Records supplied
■ ■ ■ ■ ■
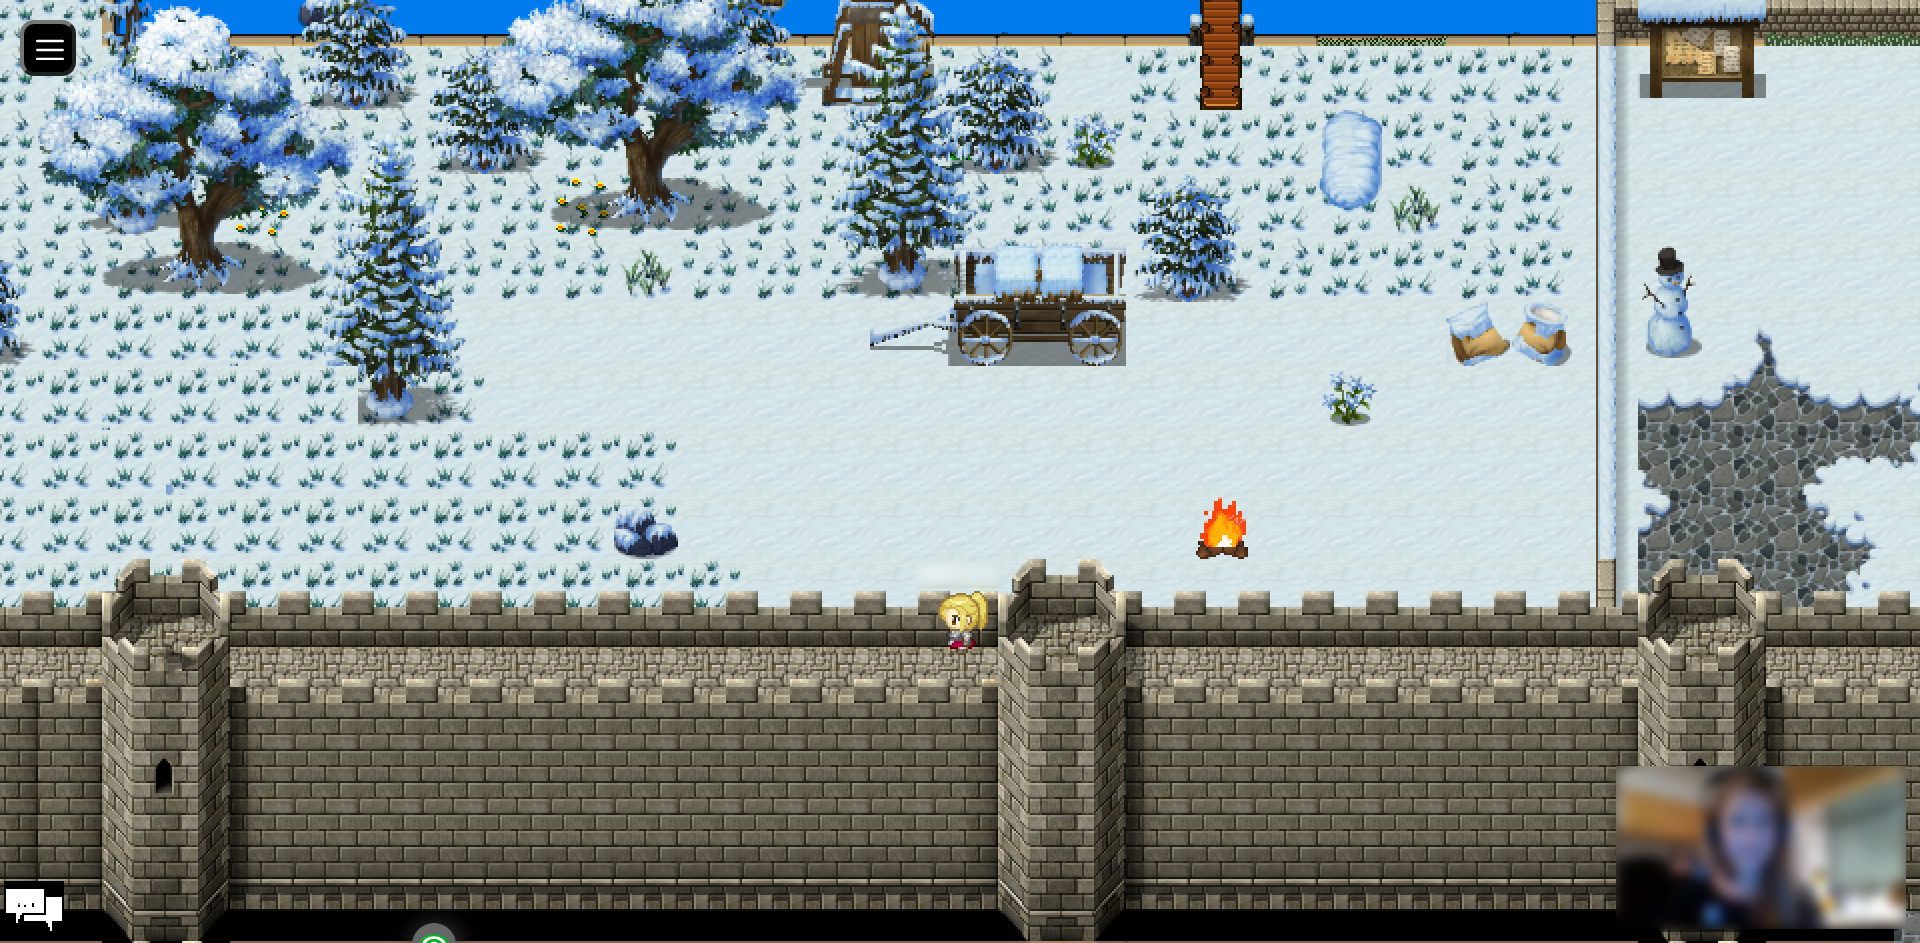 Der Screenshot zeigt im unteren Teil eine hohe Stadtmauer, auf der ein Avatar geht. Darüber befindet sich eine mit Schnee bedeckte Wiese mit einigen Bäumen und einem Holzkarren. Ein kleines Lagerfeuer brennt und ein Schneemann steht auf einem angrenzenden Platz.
■ ■ ■ ■ ■
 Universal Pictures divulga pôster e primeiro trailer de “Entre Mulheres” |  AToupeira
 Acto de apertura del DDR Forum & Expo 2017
■ ■ ■ ■ ■
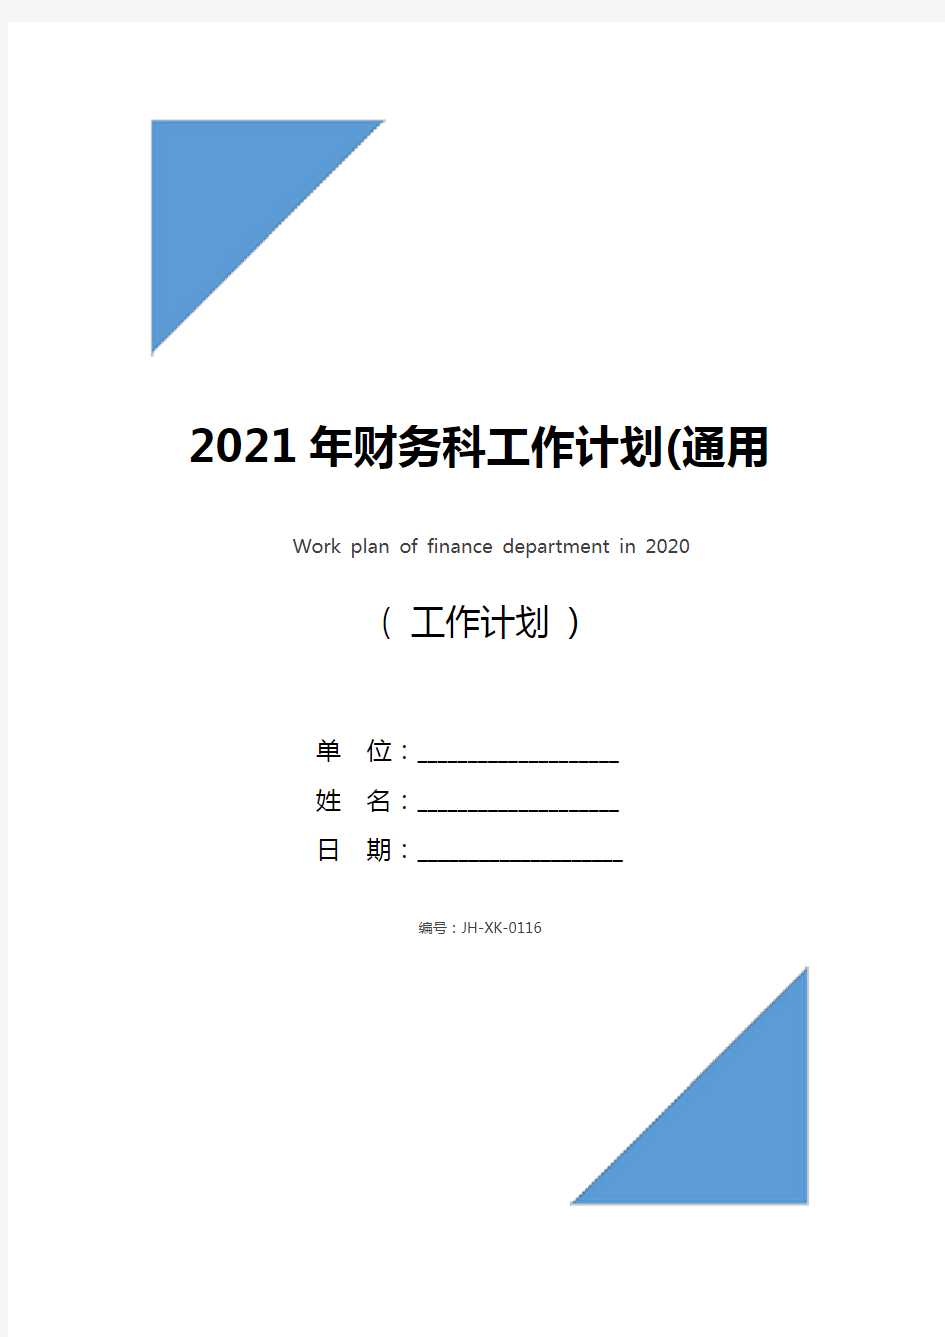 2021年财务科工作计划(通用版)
■ ■ ■ ■ ■
What you need to do
Looking at the data above, return every line from the one with "Universal Pictures divulga" down to the one with "Acto de apertura del DDR Forum & Expo 2017", exactly and inclusively.

Problem solution
 Universal Pictures divulga pôster e primeiro trailer de “Entre Mulheres” |  AToupeira
 Acto de apertura del DDR Forum & Expo 2017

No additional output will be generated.